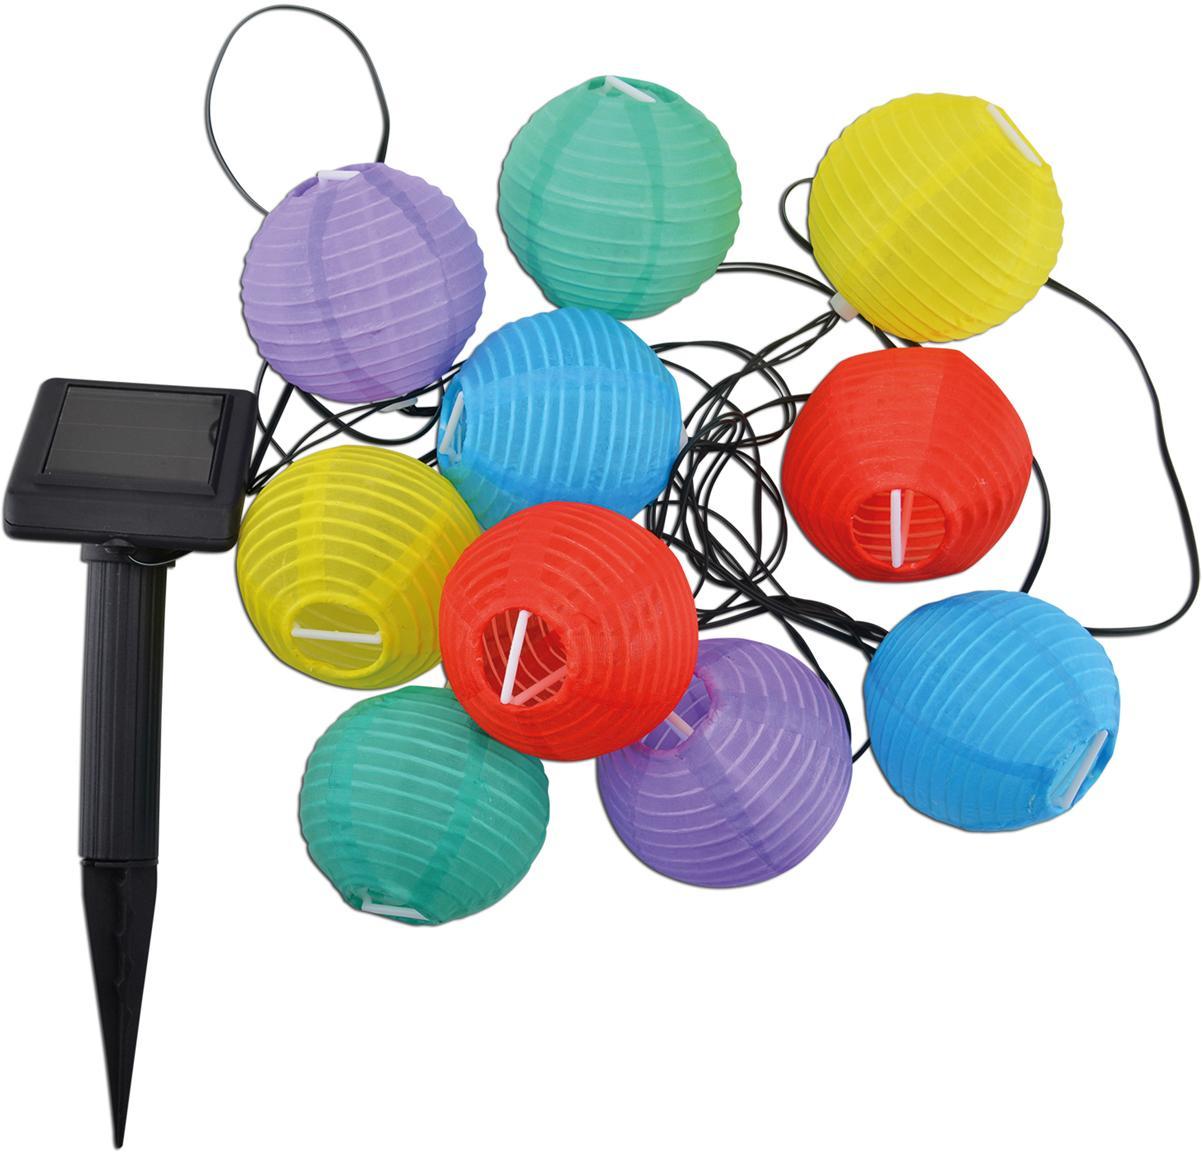 LED Lichterkette Lampion, 380 cm, Kunststoff, Mehrfarbig, L 380 cm
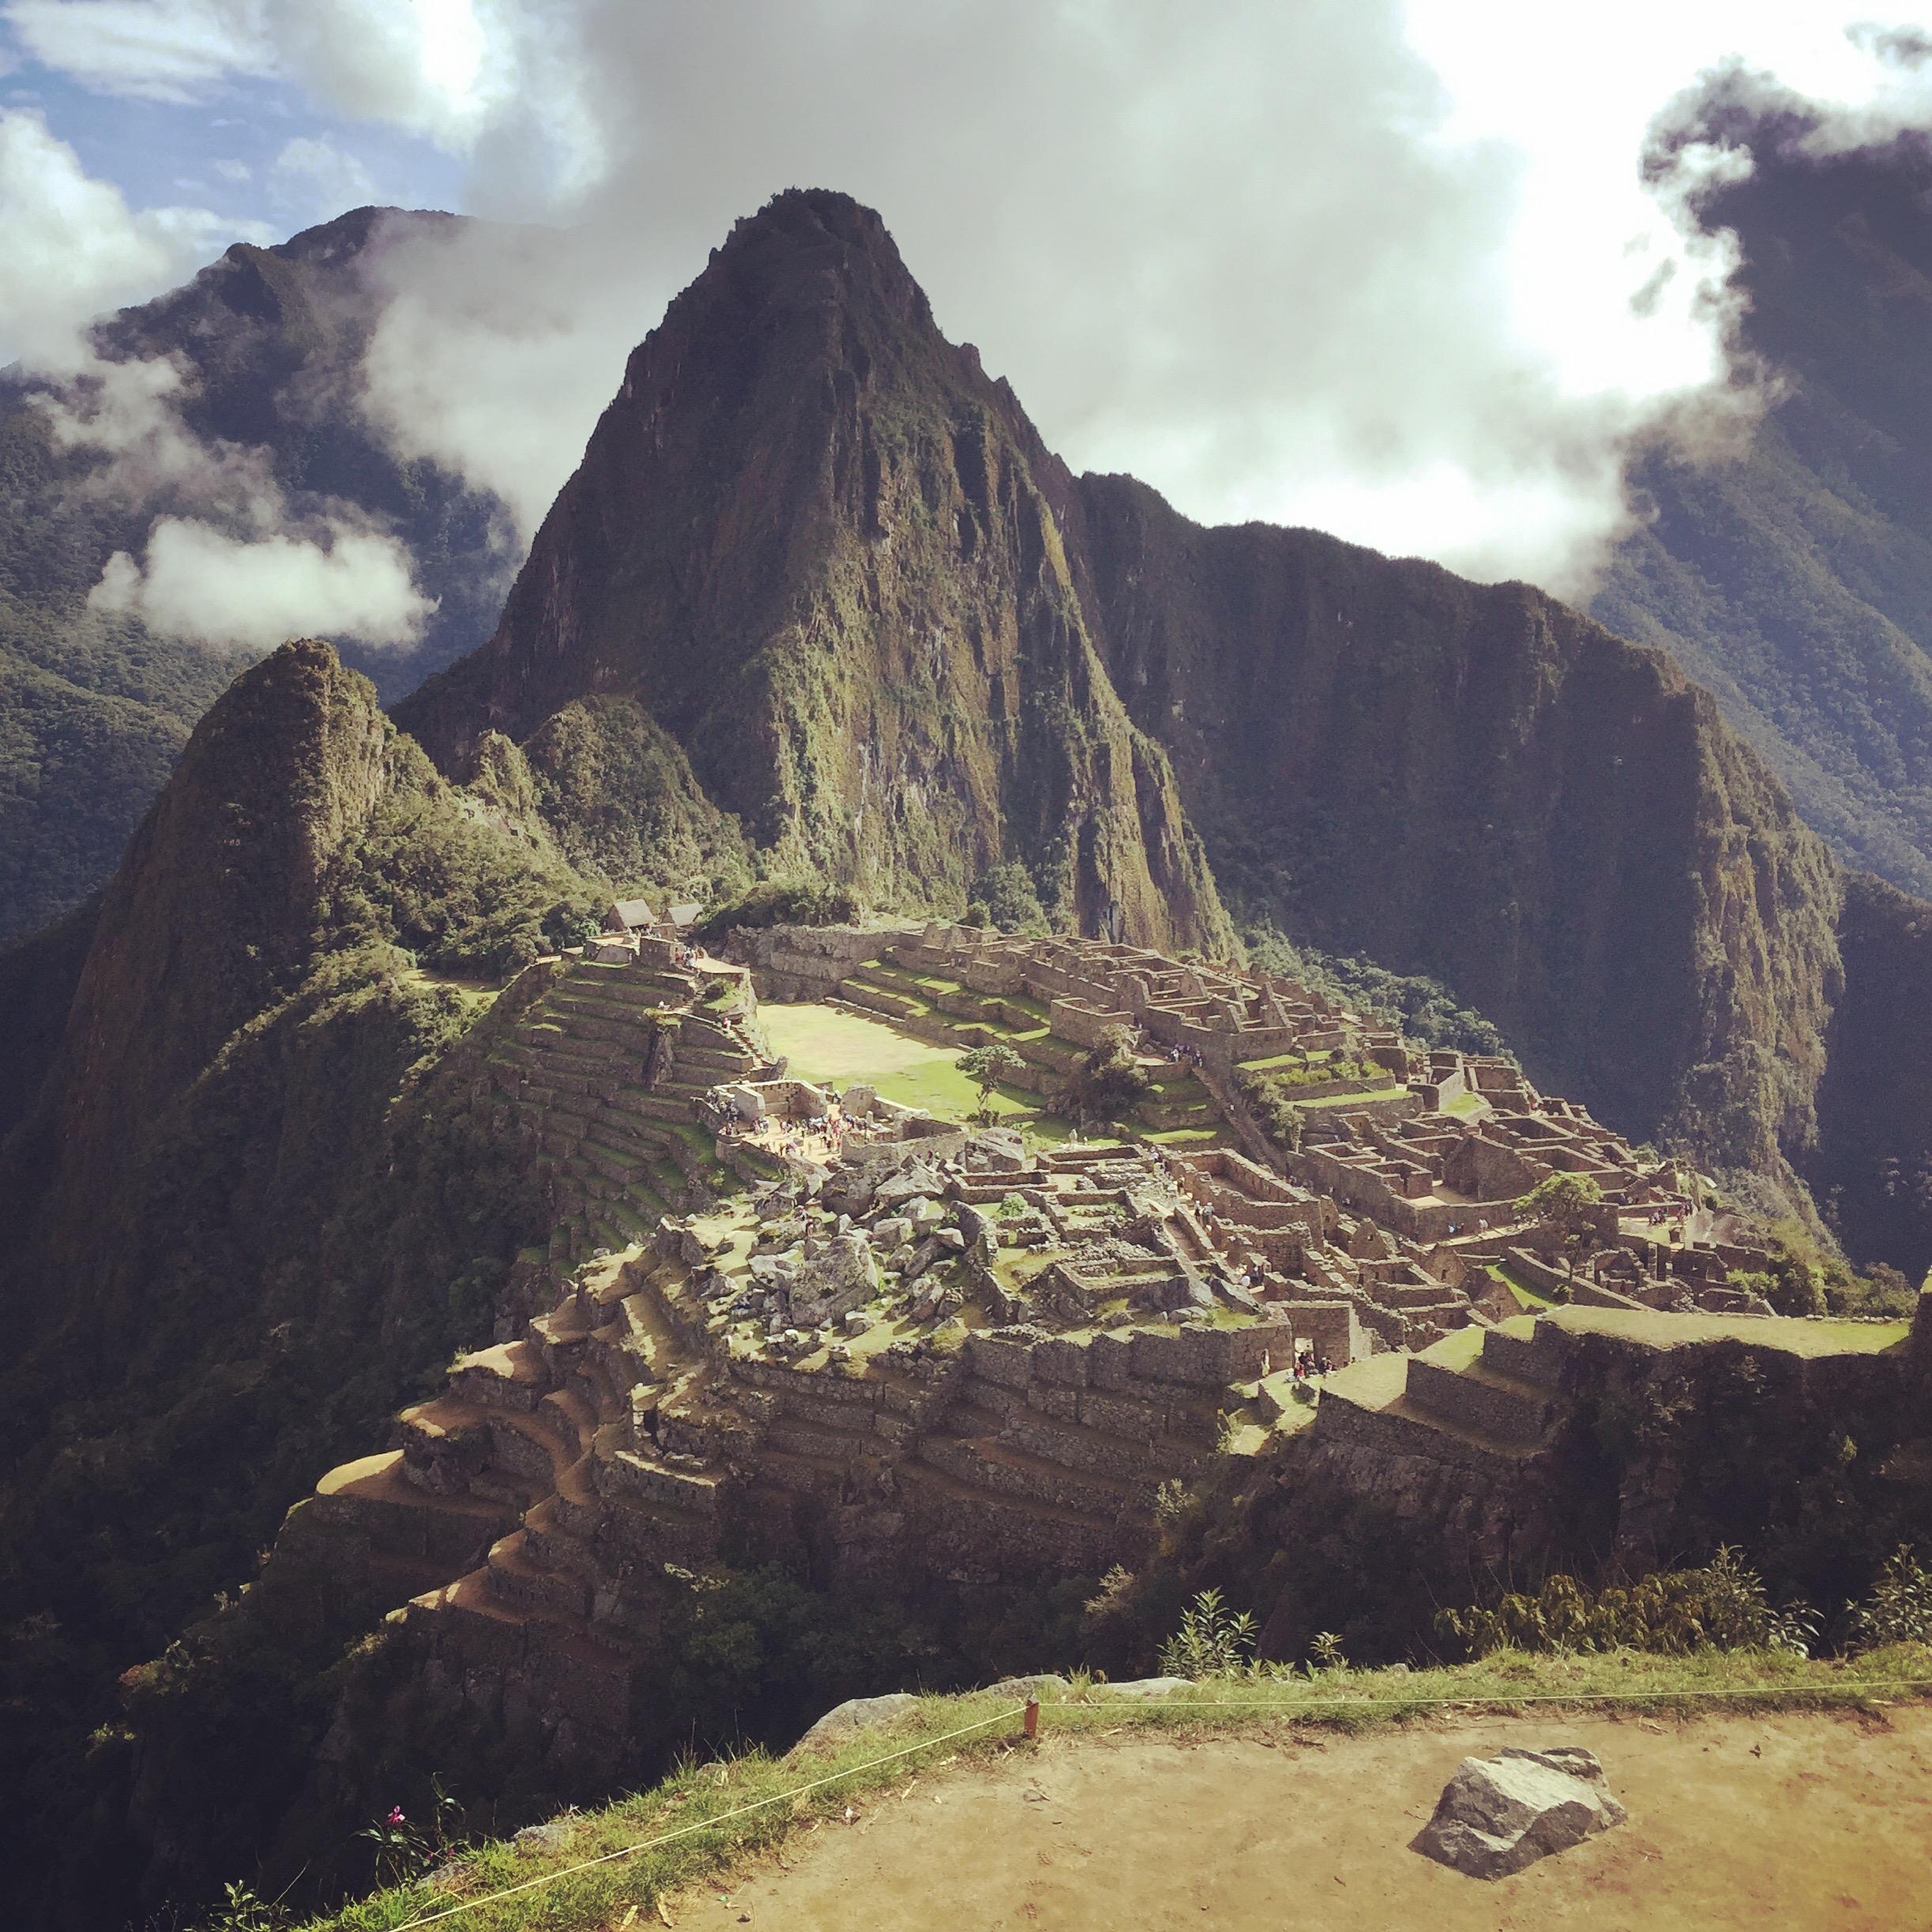 Salud, Peru!
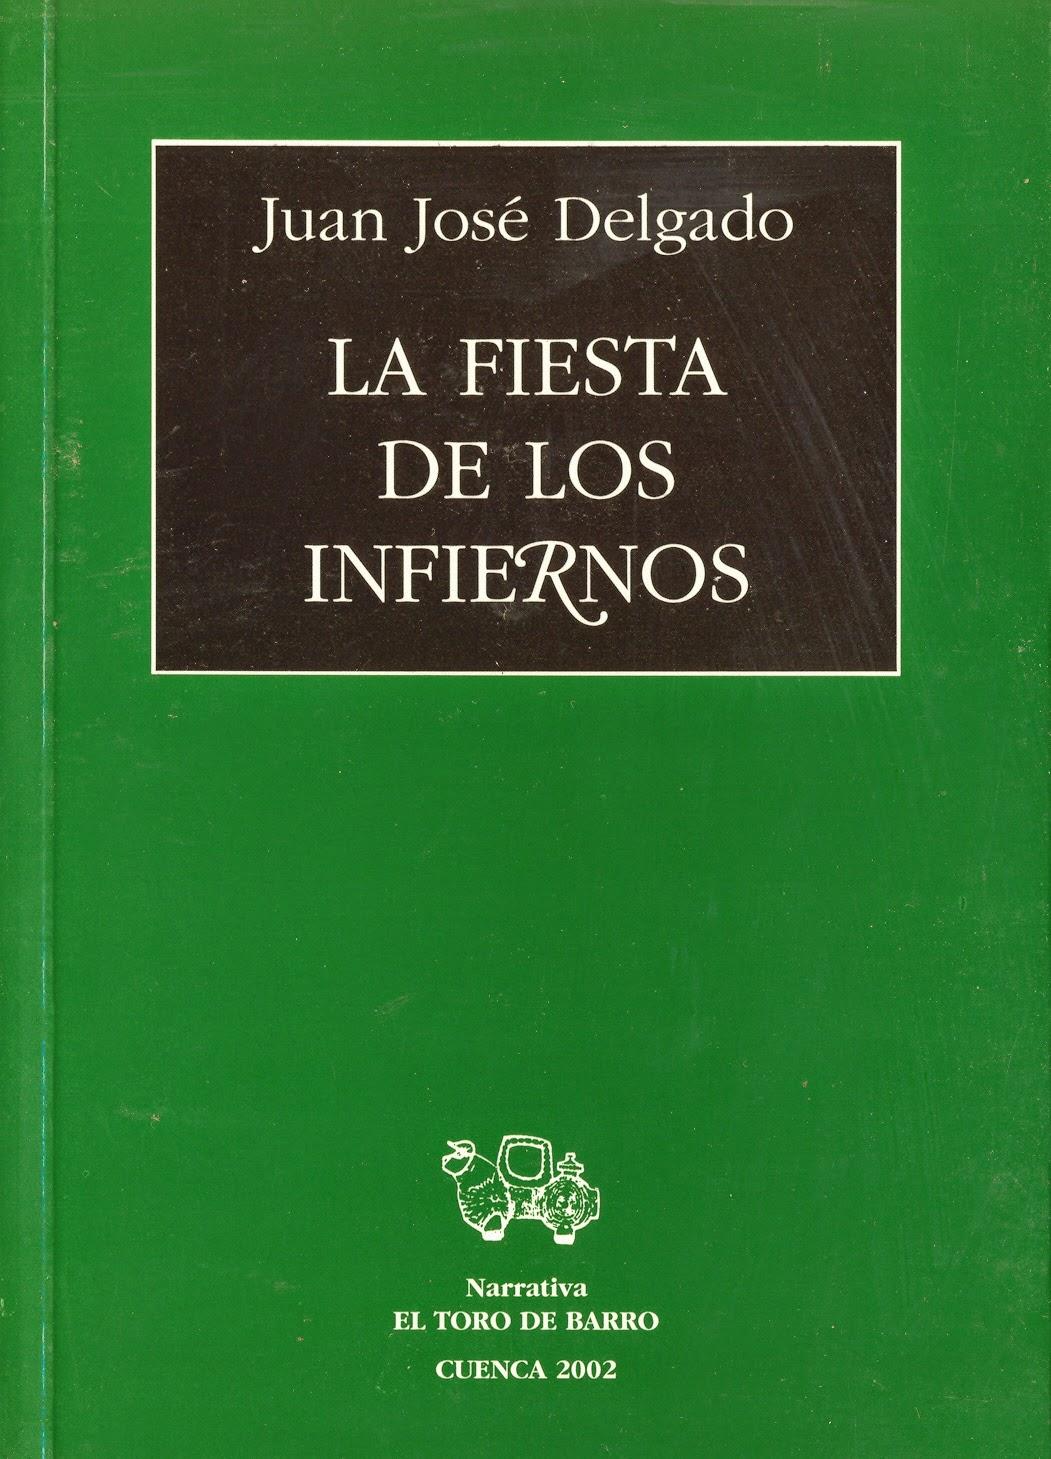 """Juan José Delgado, """"La fiesta de los infiernos"""". Col. Narrativa. Ed. El Toro de Barro, Tarancón de Cuenca, 2002. PVP: 15 euros edicioneseltorodebarro@yahoo.es"""

#### Your task
Transcribe all the material exactly; skip every image.

#### Problem solution
 LED Lichterkette Lampion, 380 cm, Kunststoff, Mehrfarbig, L 380 cm
 Salud, Peru!
 """Juan José Delgado, """"La fiesta de los infiernos"""". Col. Narrativa. Ed. El Toro de Barro, Tarancón de Cuenca, 2002. PVP: 15 euros edicioneseltorodebarro@yahoo.es"""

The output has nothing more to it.